Reasons You Might Need a Lung Transplant

People need lung transplants when their lungs can no longer perform their vital function of exchanging oxygen and carbon dioxide. Lung transplant candidates have end-stage lung disease and are expected to live less than two years. They often require continuous oxygen and are extremely fatigued from the lack of oxygen. Their lungs are too diseased to be managed medically, and no other kind of surgery will help them.

Several different diseases can lead to end-stage lung failure:

Chronic Obstructive Pulmonary Disease (COPD)

Chronic obstructive pulmonary disease (COPD) can be caused by asthma, chronic bronchitis or emphysema. Over time, individuals with COPD slowly lose their ability to breathe. Symptoms of COPD range from chronic cough and sputum production to severe, disabling shortness of breath.

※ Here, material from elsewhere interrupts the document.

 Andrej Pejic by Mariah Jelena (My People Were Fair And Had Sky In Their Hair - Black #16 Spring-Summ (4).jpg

Alpha-1 Antitrypsin Deficiency

Alpha-1 antitrypsin deficiency is a hereditary condition in which a lack of alpha-1 antitrypsin—a protein that protects the lungs—results in early-onset lung disease. Smoking greatly increases this risk. The first symptoms of alpha-1 related emphysema often appear between ages 20 and 40 and include shortness of breath following activity, decreased exercise capacity, and wheezing.

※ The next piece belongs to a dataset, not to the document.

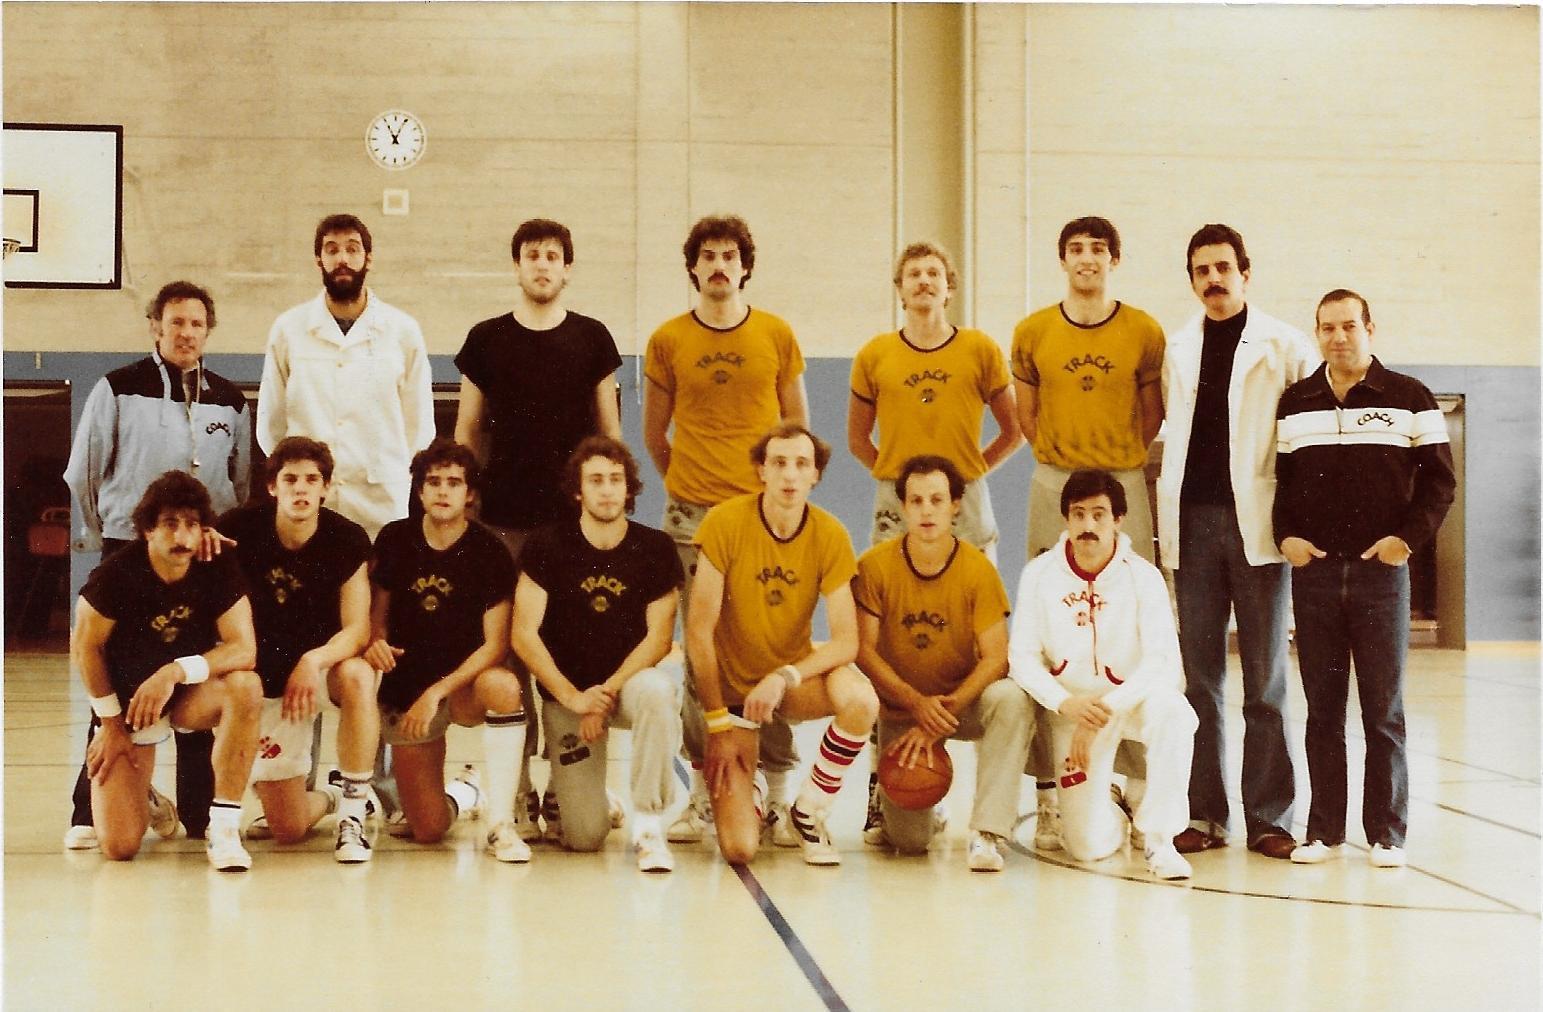 1980 - Spanische Nationalmannschaft zu Gast in der Wartegg

Interstitial Lung Diseases

Interstitial Lung Disease (ILD) is a general term that includes a variety of chronic lung disorders such as idiopathic pulmonary fibrosis, sarcoidosis, eosinophilic granuloma, Goodpasture’s syndrome, idiopathic pulmonary hemosiderosis and Wegener’s granulomatosis. When a person has ILD, the lung is affected in four ways:  1) The lung tissue becomes damaged, 2) the walls of the air sacs in the lung become inflamed, 3) scarring begins in the interstitium (tissue between the air sacs), and 4) the lung becomes stiff.

Bronchiectasis

Bronchiectasis is the irreversible widening of the airways. As airways widen, they become less rigid and more prone to collapse. It also becomes more difficult to clear away secretions. Bronchiectasis can be present at birth, or it can develop later as a result of injury or other diseases (most often cystic fibrosis). It can occur at any age but most often begins in childhood. Symptoms of bronchiectasis include coughing, fever, weakness, weight loss, and fatigue.

Cystic Fibrosis (CF)

Cystic fibrosis is a genetic disease that is recessively inherited, meaning both parents need to have the defective gene. Approximately 30,000 Americans have CF, and about 12 million carry the gene but are not affected by it. CF patients often have respiratory problems including bronchitis,  bronchiectasis,  pneumonia, sinusitis (inflammation of the sinuses), nasal polyps (growths inside the nose), or pneumothorax (collapsed lung). Symptoms of CF include frequent wheezing or pneumonia, chronic cough with thick mucus, persistent diarrhea, salty-tasting skin, and poor growth.